### Exercise brief
Once the pictures are set aside, transcribe each line of the listing exactly.

### Given data
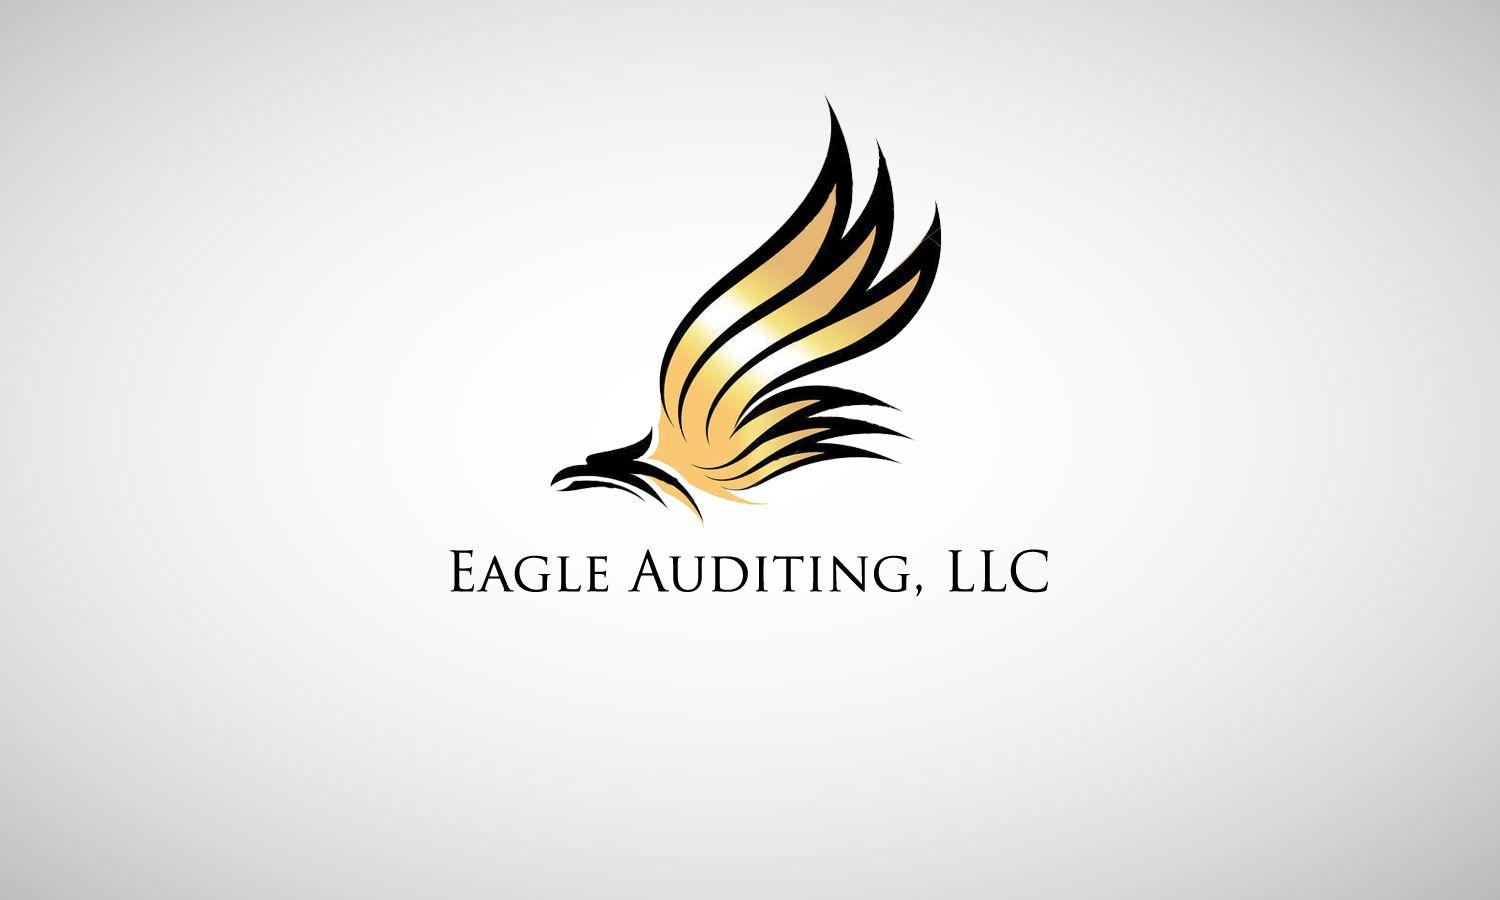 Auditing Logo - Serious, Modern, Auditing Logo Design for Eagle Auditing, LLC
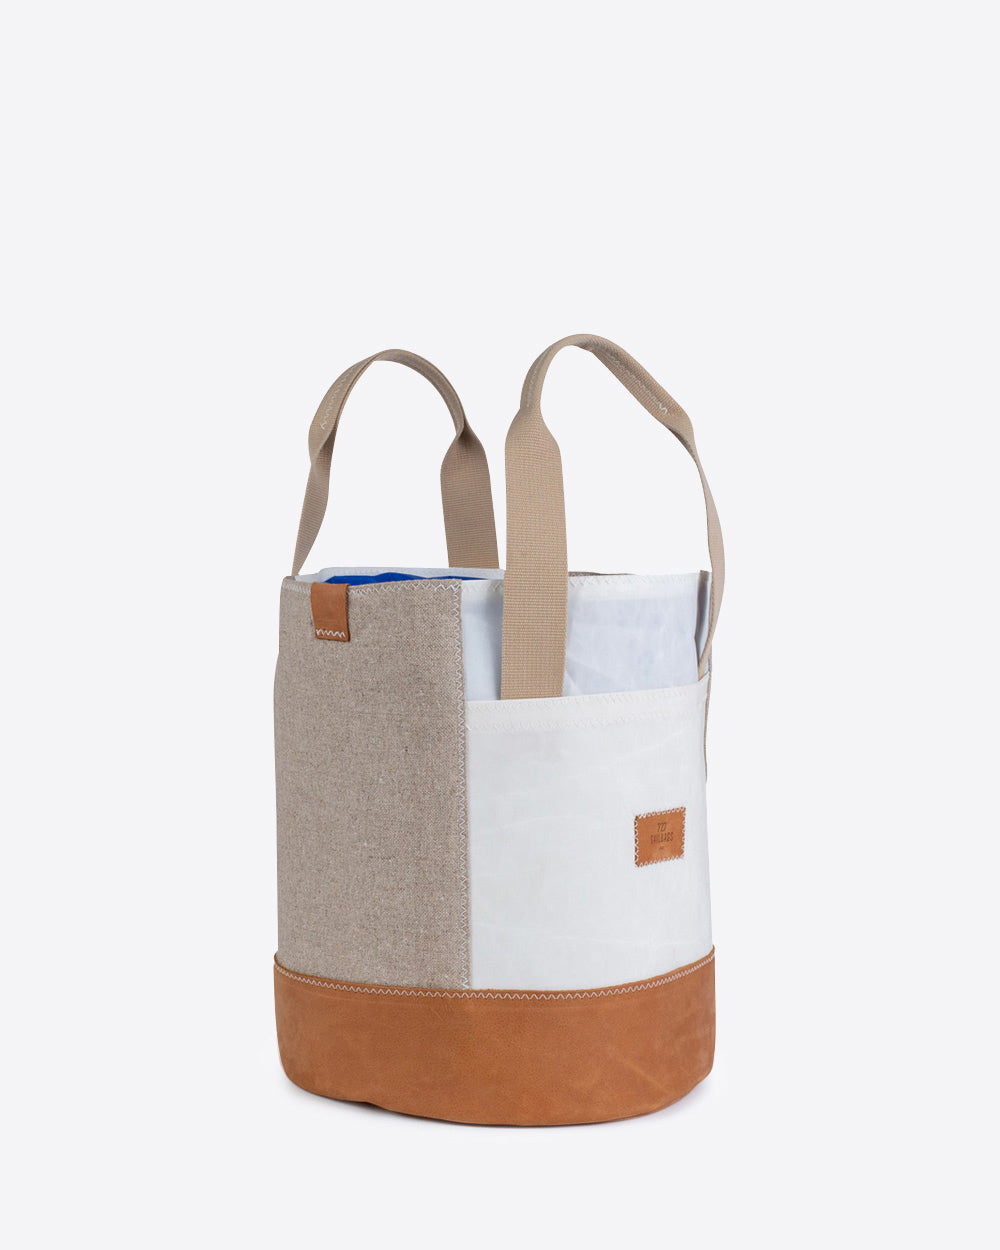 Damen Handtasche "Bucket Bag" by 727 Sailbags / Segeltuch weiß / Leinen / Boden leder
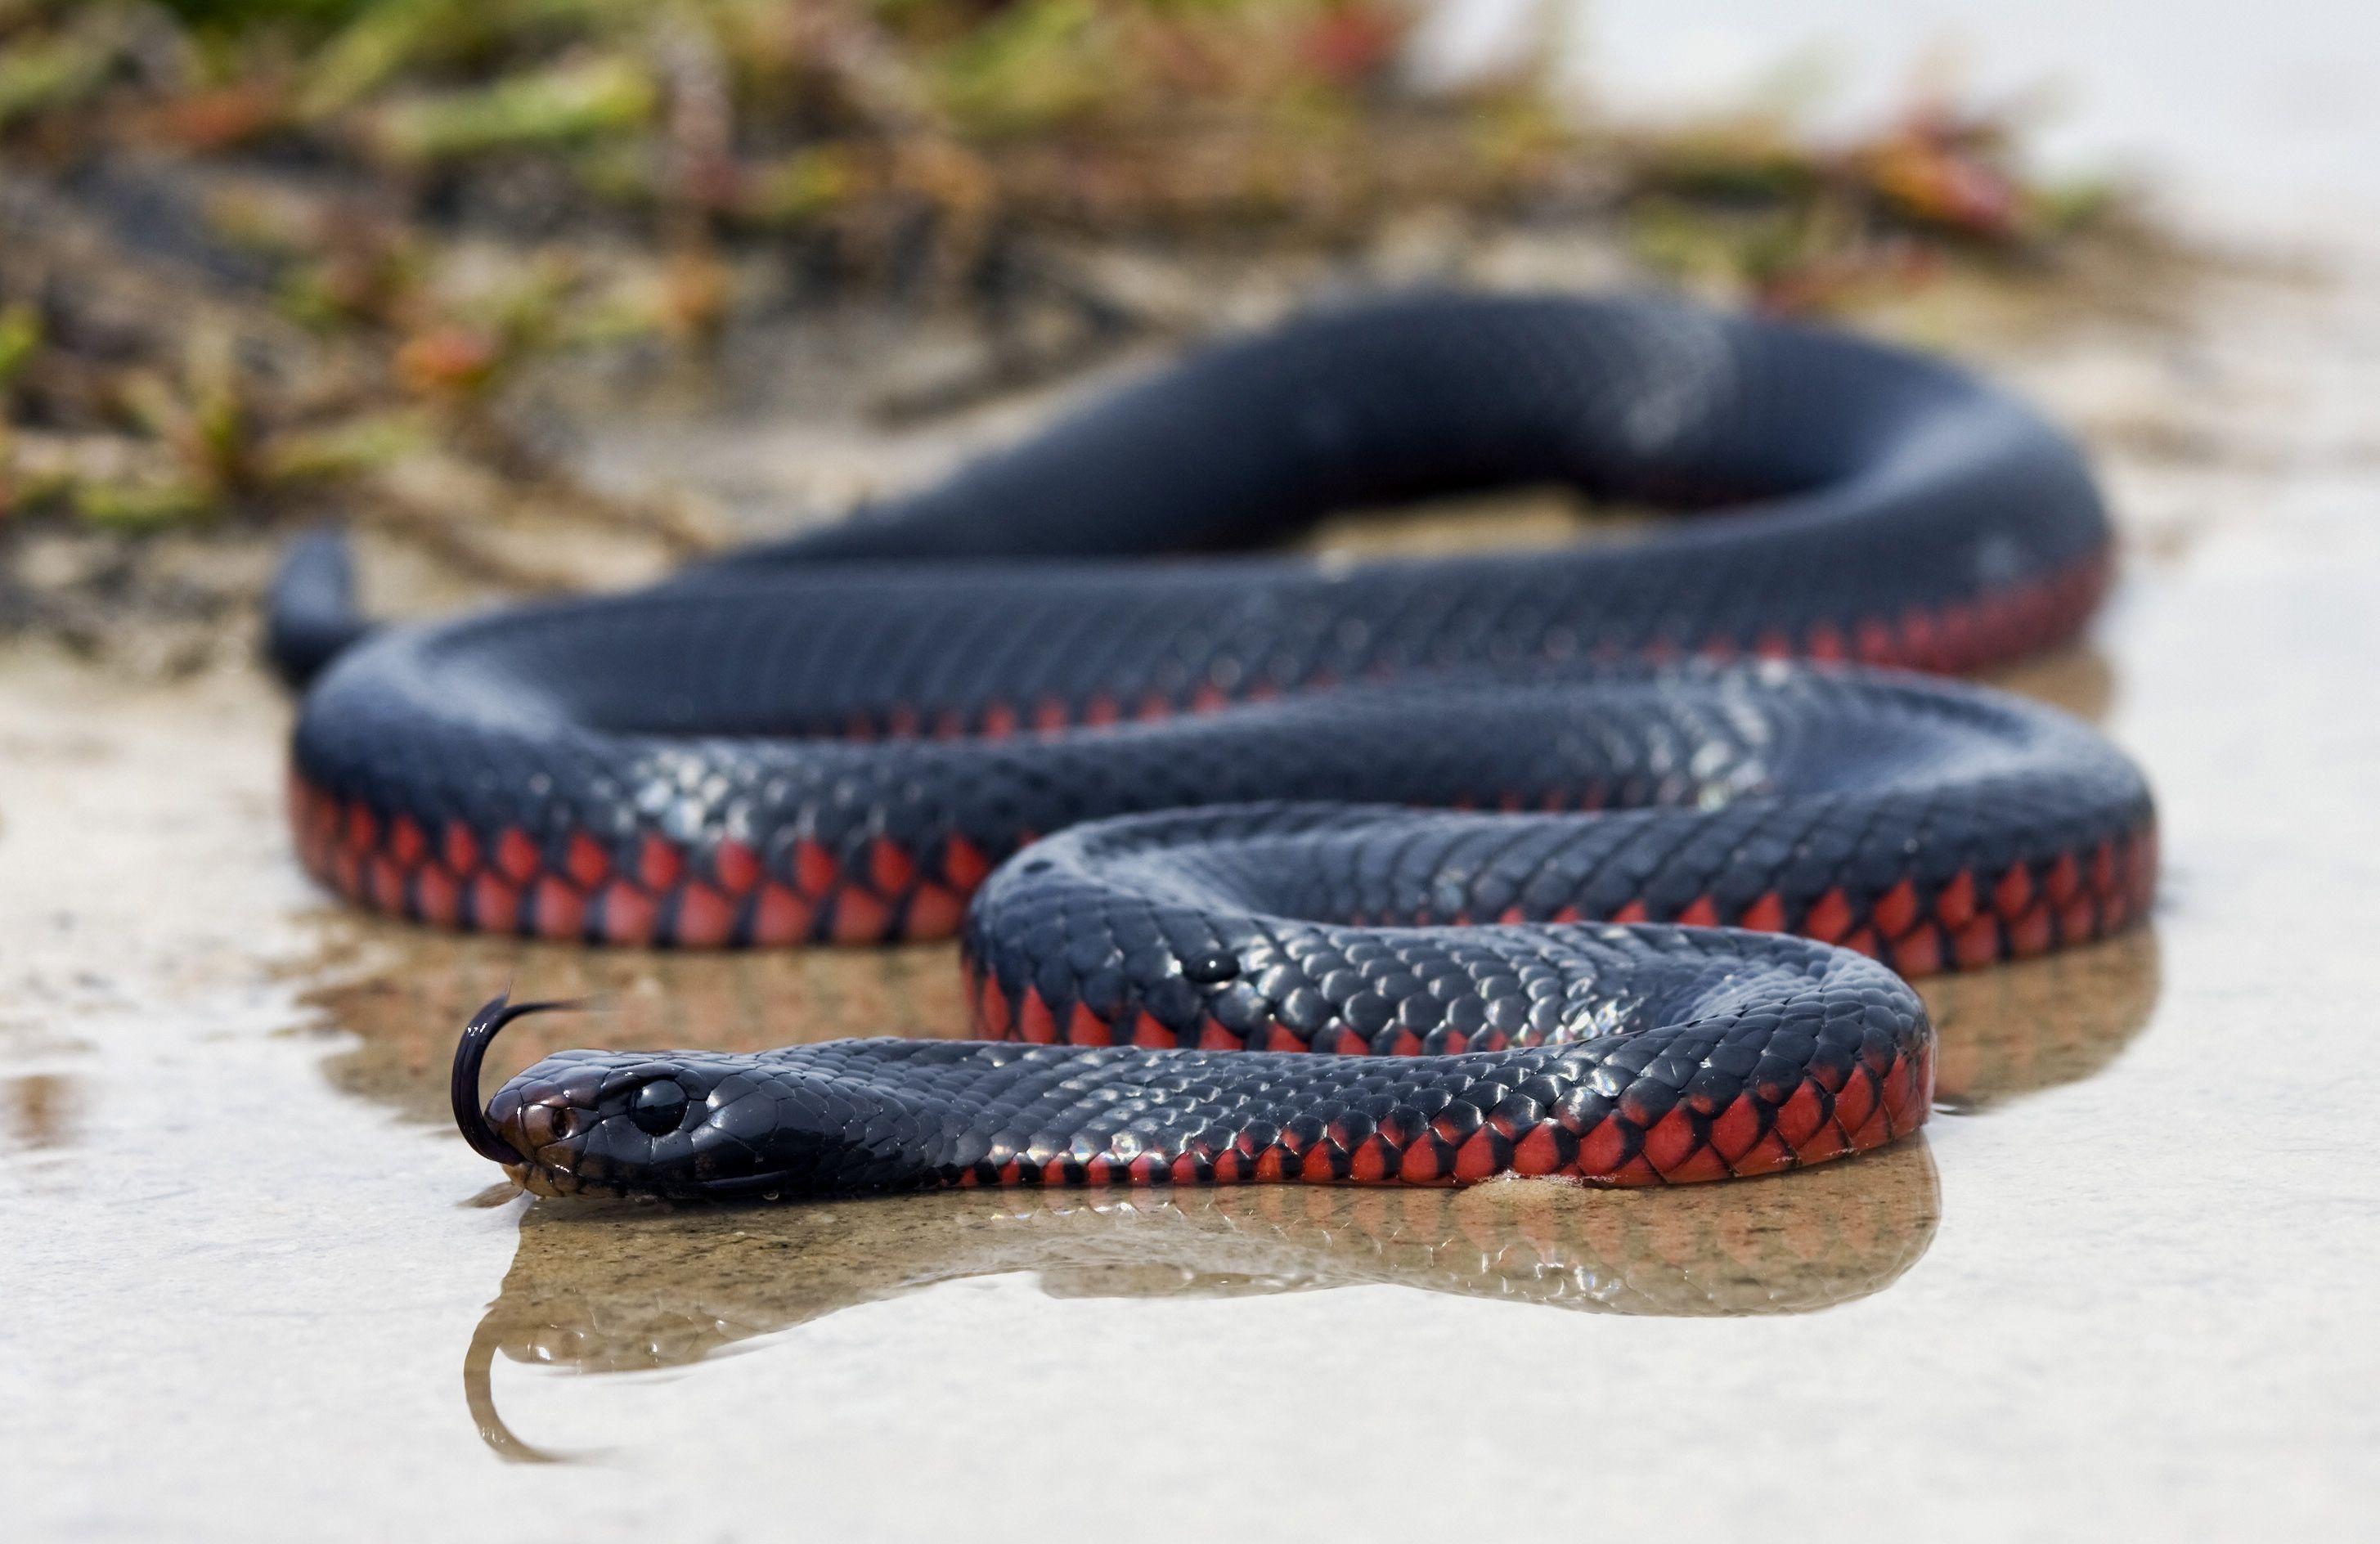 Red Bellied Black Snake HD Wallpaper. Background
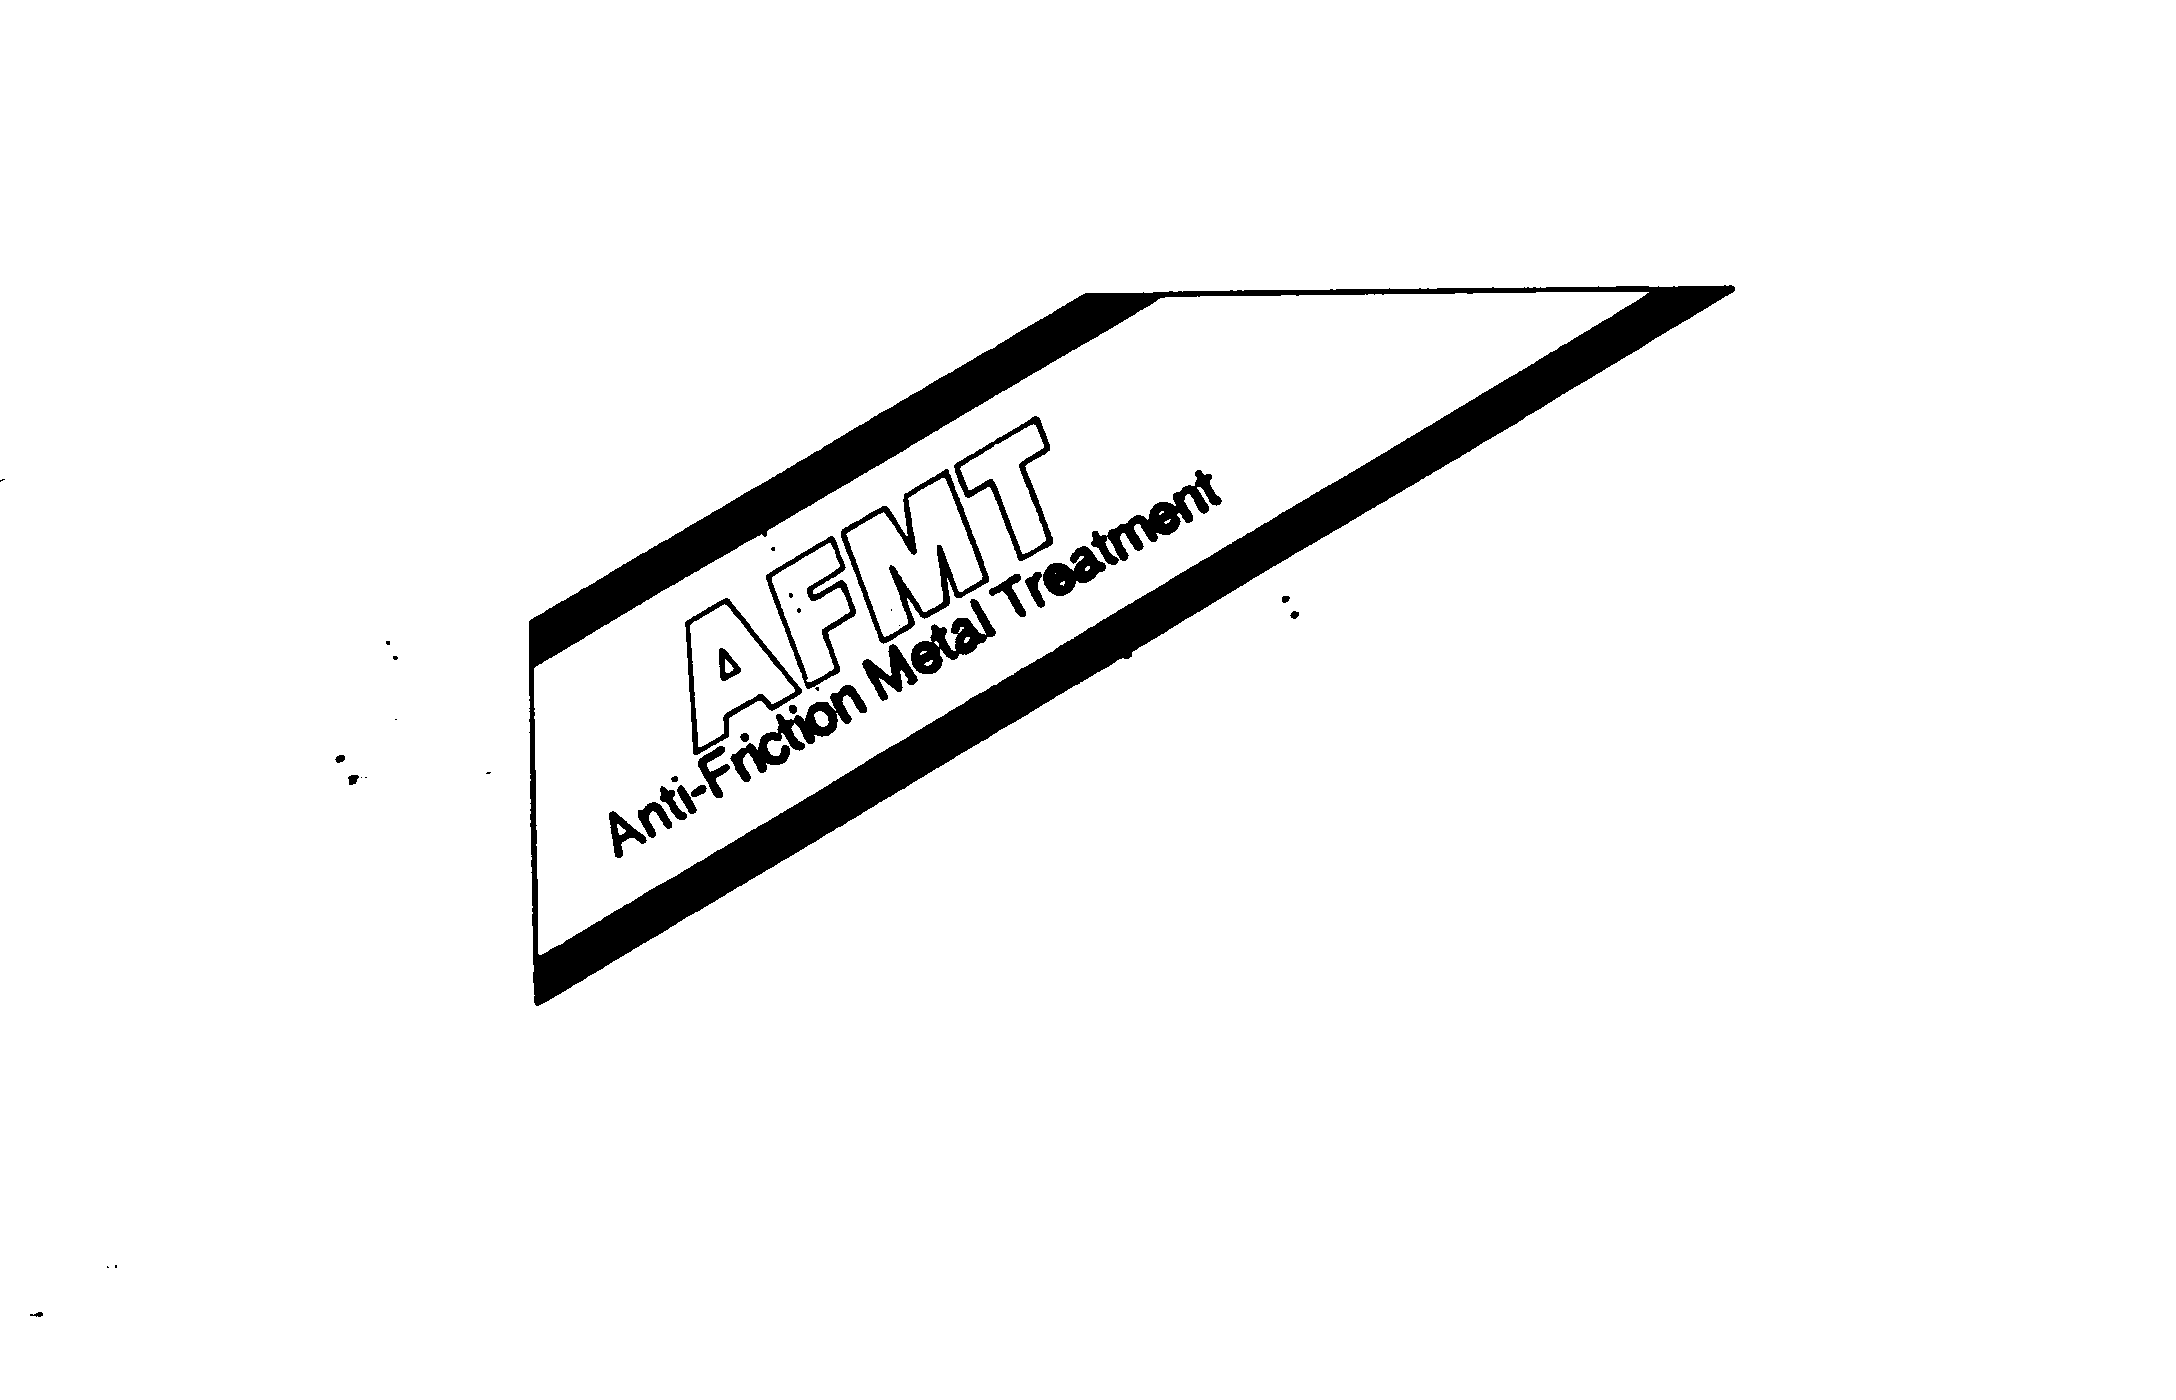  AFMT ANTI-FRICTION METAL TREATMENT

### Answer below
 Auditing Logo - Serious, Modern, Auditing Logo Design for Eagle Auditing, LLC
 Damen Handtasche "Bucket Bag" by 727 Sailbags / Segeltuch weiß / Leinen / Boden leder
 Red Bellied Black Snake HD Wallpaper. Background
  AFMT ANTI-FRICTION METAL TREATMENT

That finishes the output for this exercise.